“Most Published Research Findings Are False—But a Little Replication Goes a Long Way”, Ramal Moonesinghe, Muin J. Khoury, A. Cecile J. W. Janssens (, ; backlinks; similar)⁠:

We examine the positive predictive value (PPV) as a function of the number of statistically-significant findings.

Figure 1 shows the PPV of at least one, two, or three statistically-significant research findings out of ten independent studies as a function of the pre-study odds of a true relationship (R) for statistical powers of 20% and 80%. The lower lines correspond to Ioannidis’ finding and indicate the probability of a true association when >1⁄10 studies shows a statistically-significant result.
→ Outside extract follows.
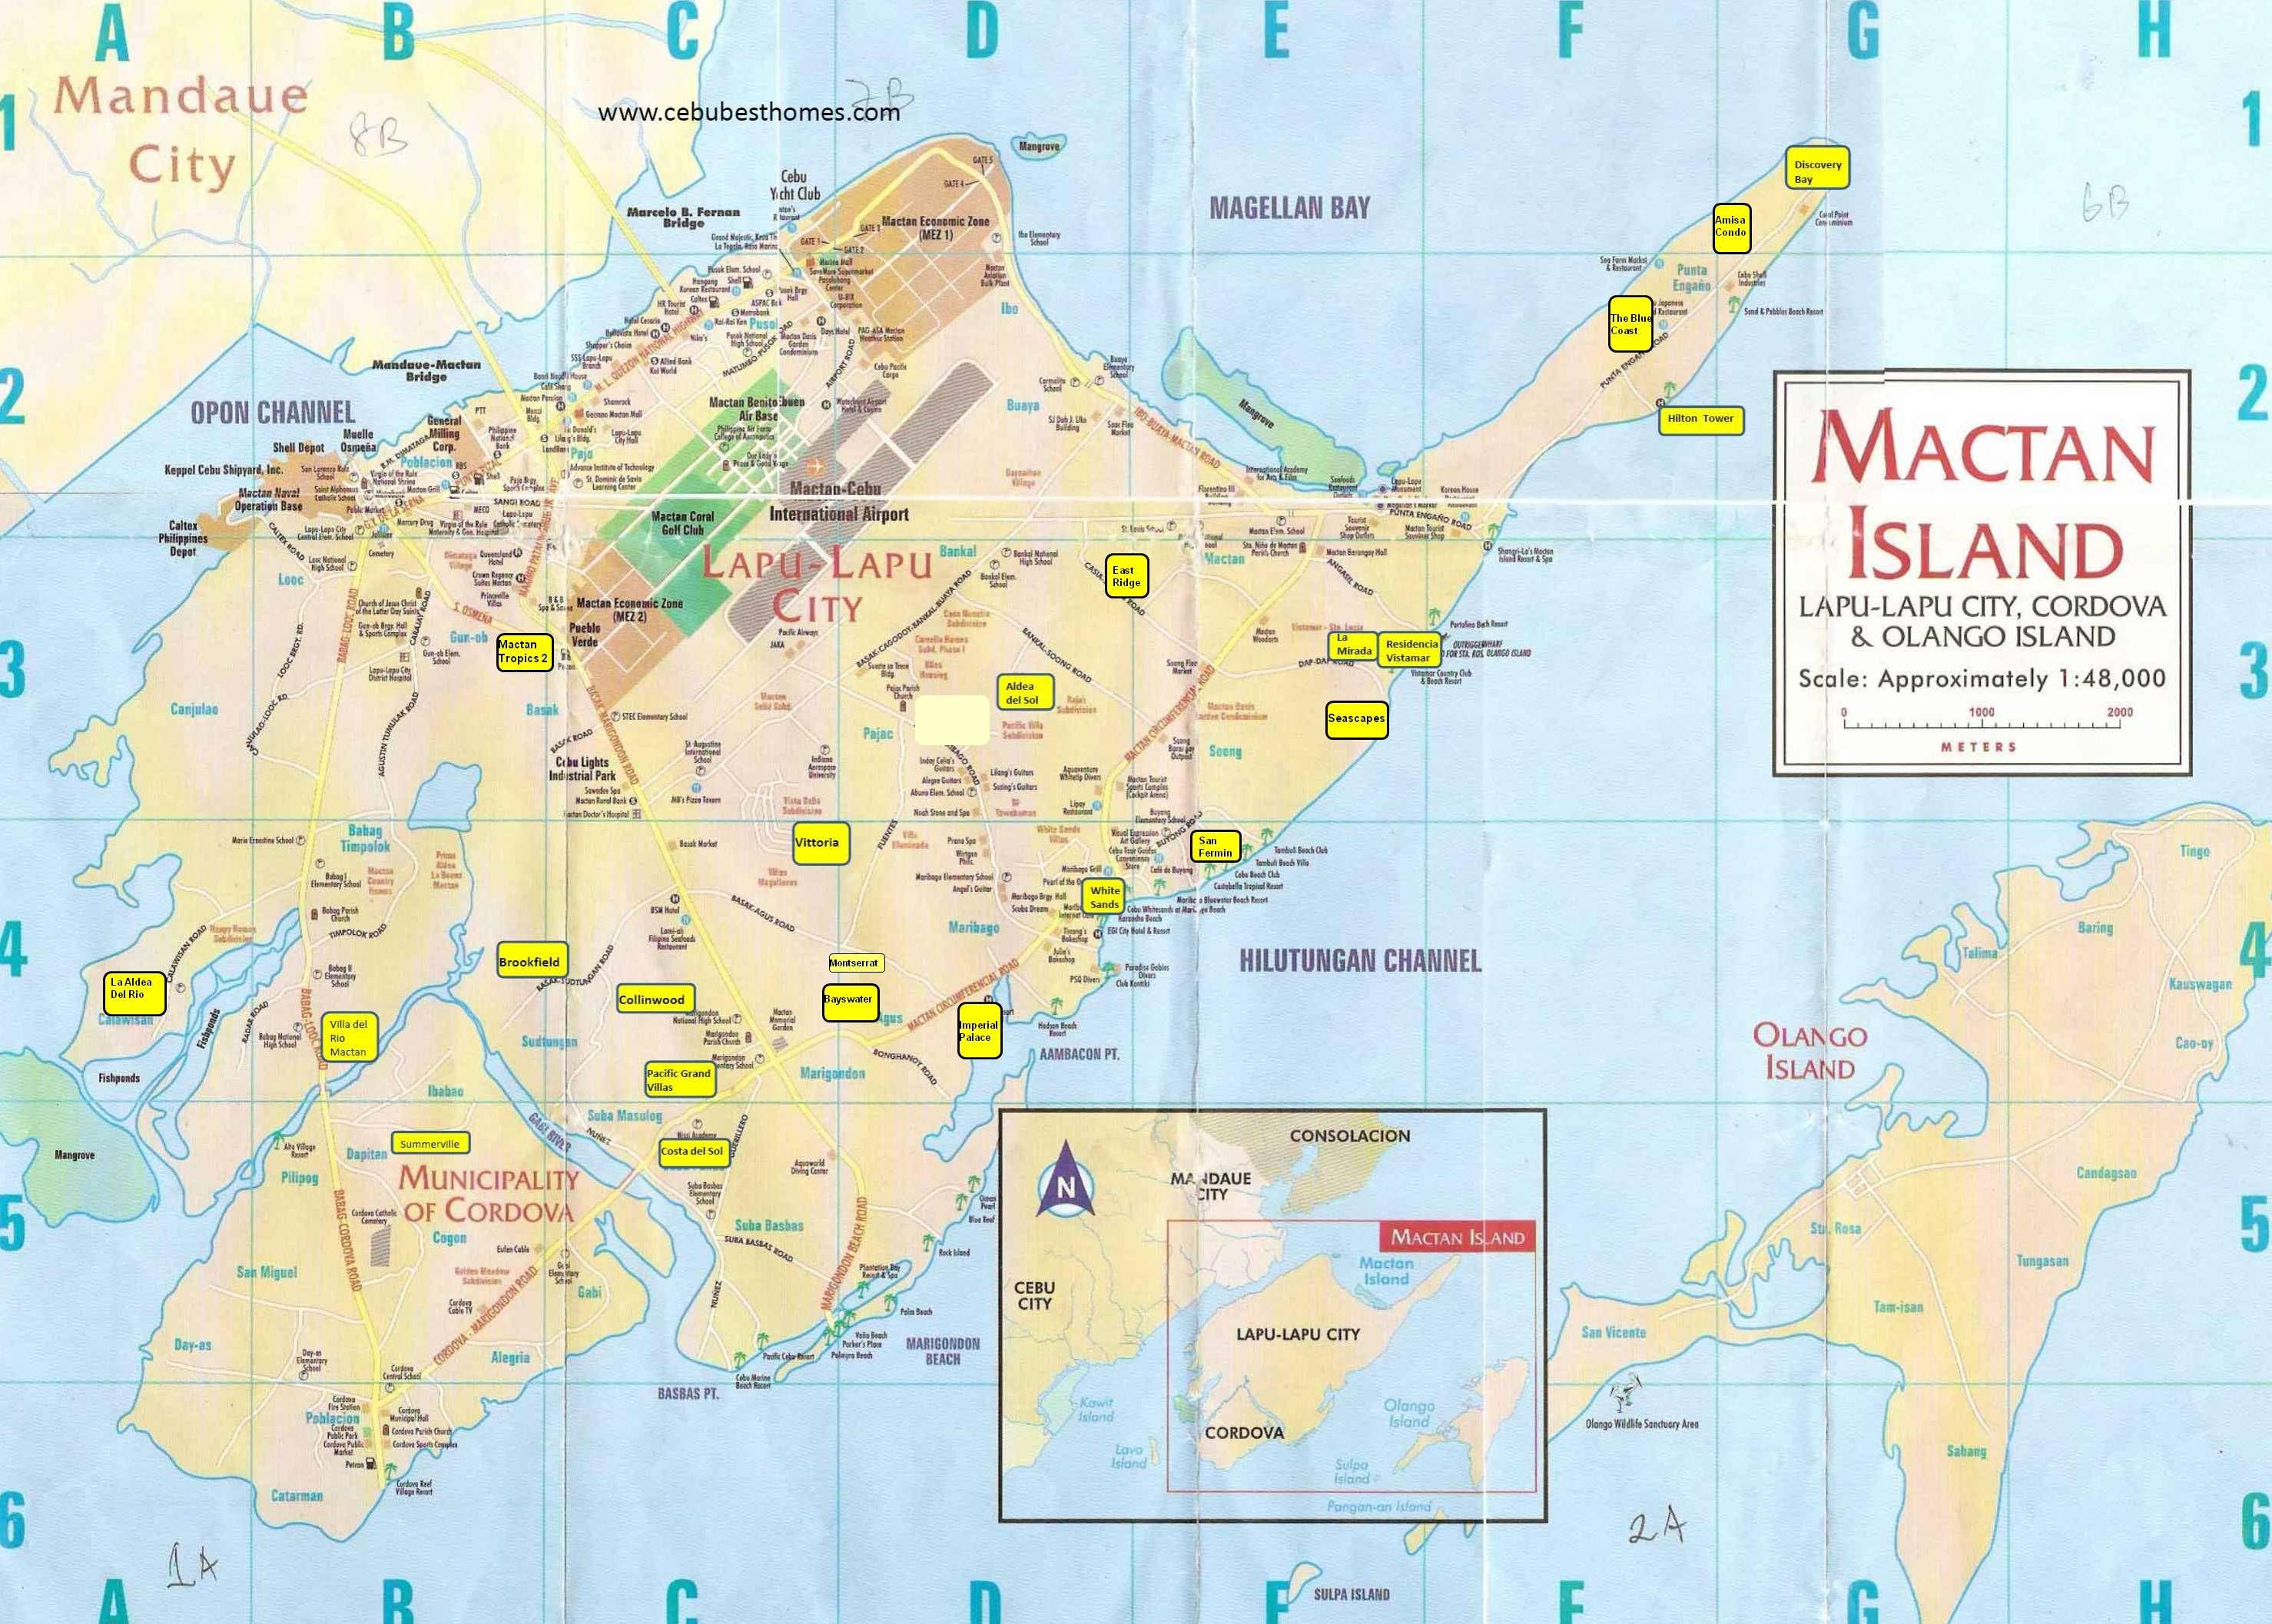 Printed Map Of Mactan Island Mactan Island Mactan Lapu Lapu City

As can be seen, the PPV is substantially higher when more research findings are statistically-significant. Thus, a few positive replications can considerably enhance our confidence that the research findings reflect a true relationship. When R ranged 0.0001–0.01, a higher number of positive studies is required to attain a reasonable PPV. The difference in PPV for power of 80% and power of 20% when at least three studies are positive is higher than when at least one study is positive. Figure 2 gives the PPV for increasing number of positive studies out of 10, 25, and 50 studies for pre-study odds of 0.0001, 0.01, 0.1, and 0.5 for powers of 20% and 80%. When there is at least one positive study (r = 1) and power equal to 80%, as indicated in Ioannidis’ paper, PPV declined ~50% for 50 studies compared to 10 studies for R values between 0.0001 and 0.1. However, PPV increases with increasing number of positive studies and the percentage of positive studies required to achieve a given PPV declines with increasing number of studies. The number of positive studies required to achieve a PPV of at least 70% increased from 8 for 10 studies to 12 for 50 studies when pre-study odds equaled 0.0001, from 5 for 10 studies to eight for 50 studies when pre-study odds equaled 0.01, from three for 10 studies to six for 50 studies when pre-study odds equaled 0.1, and from 2 for 10 studies to 5 for 50 studies when pre-study odds equaled 0.5. The difference in PPV for powers of 80% and 20% declines with increasing number of studies.

…In summary, while we agree with Ioannidis that most research findings are false, we clearly demonstrate that replication of research findings enhances the positive predictive value of research findings being true. While this is not unexpected, it should be encouraging news to researchers in their never-ending pursuit of scientific hypothesis generation and testing. Nevertheless, more methodological work is needed to assess and interpret cumulative evidence of research findings and their biological plausibility. This is especially urgent in the exploding field of genetic associations.